MICHAEL ALLEN: Well, completely. I won in '89. I finished a second or third. And as a matter of fact, I would have been on the European Ryder Cup team that year when they picked the team. I was 7th on the Money List.
So I was expecting to come over here and do real well. I really made my decision to come over here because I really wasn't able to make any money off contracts over there being an American. So -- and I hadn't been to TOUR school in about two or three years at that time.
And so then I came over here and got my card and finished pretty well at school and I just, I just never played very well. I wasn't really that good back then. I thought I was, but I just never really had it.
And luckily I was good at Q-School, because I was back there like every year. I only kept my card like one year.
So it was a struggle back then. But Europe was so much fun, I loved traveling around, but when I got here and started playing against all these guys I had seen growing up, it was a different world to me. And as I said, I played about six or seven years and then stopped playing, tried to do something else, because I wasn't very good.

Q. I was going to ask you as a follow-up, what was the not necessarily the worst job, but maybe the one that really kind of made you think, all right, I'm definitely going back and trying the pro TOUR?
MICHAEL ALLEN: Well, I tell you, I had one, I had -- actually it was a great job, I worked at Winged Foot for my first year. And of course I was also trying to build homes at the time, which was tough.
But I just remember standing out there and at Winged Foot, I was so happy because I was actually able to put shorts on. But the only reason I was able to put shorts on that time was because I was washing all the mats we were hitting balls off of, right. So it was kind of humiliating, back in the maintenance area you're a club pro here, washing, hosing down mats and scrubbing them and that. And that wasn't very good.

Q. What year was that?
MICHAEL ALLEN: I think that was '96 or '97. It was the year before they had the PGA.
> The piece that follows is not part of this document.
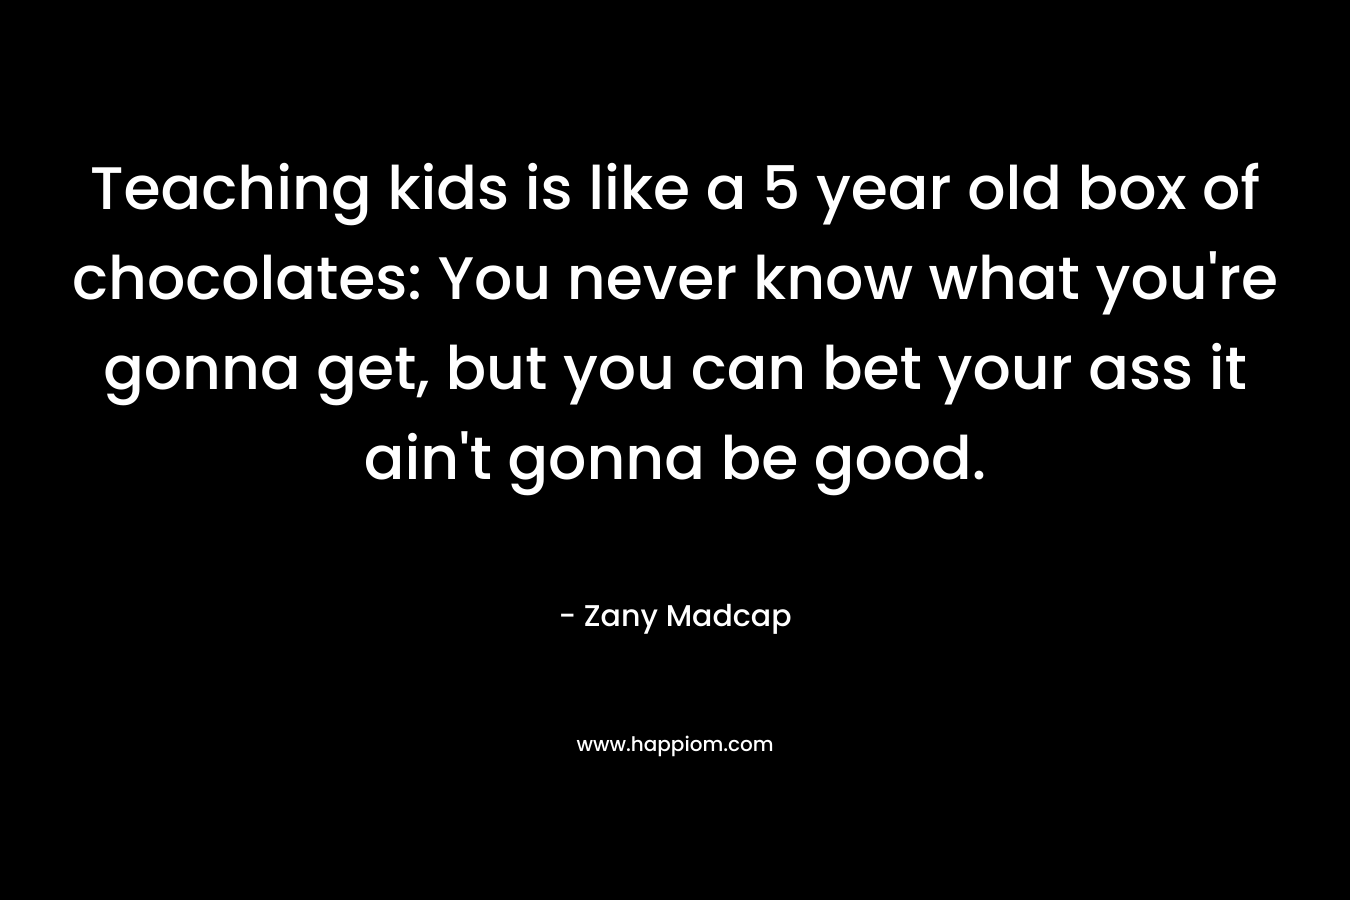 Teaching kids is like a 5 year old box of chocolates: You never know what you're gonna get, but you can bet your ass it ain't gonna be good.

Q. When you say building homes, you mean as a contractor?
MICHAEL ALLEN: Yes, I was a contractor. Well, I had a contractor that I was going through them and trying to do that up at Troon North and that. Even this market, that market in the late '90's, I was still able to lose money. I got me a cell phone and figured everybody would start calling me and needing me, but I was wrong.
(Laughter.)
KELLY ELBIN: Per your request, champagne is being sent to the media center for all of us.
MICHAEL ALLEN: There we go. There we go. About time.
KELLY ELBIN: I think they like you even more now. I know they do, as a matter of fact.

Q. I'm just curious if this, what this feels like, like you expected, what, is it relief, euphoria, and just kind of, I don't know if you can describe it.
MICHAEL ALLEN: It's kind of a combination of everything. It's certainly a relief to kind of get over it and finally win. It's just been an awfully long time. It's kind of euphoria actually to win.
I'm sure like tonight and tomorrow morning especially will be, you know, a whole new world. Yesterday I had 45 texts, and before I went to bed there were more.
It's kind of a combination of everything. It's, you know, it's been a long time. It's been a lot of belief, a lot of hard work and it's wonderful for it to come through and I don't think I felt it quite yet.
But it's certainly a relief to know that you can do it too. And it's also a new beginning to kind of believe in myself. And that's one of the main reasons I wanted to play here, to get a chance and go out on TOUR and have more experience here. And now I have a chance to actually win and do it.
So it's expectation, I expected to be here, but I expect that a lot. Maybe a little more so this week, you know, just playing against guys that are 50 and older, you know.
(Laughter.)
But they're all great players, so.
KELLY ELBIN: Michael Allen, the 70th Senior PGA Championship champion.
MICHAEL ALLEN: Thank you all very much. I appreciate it. Where is the champagne? Let's get the champagne.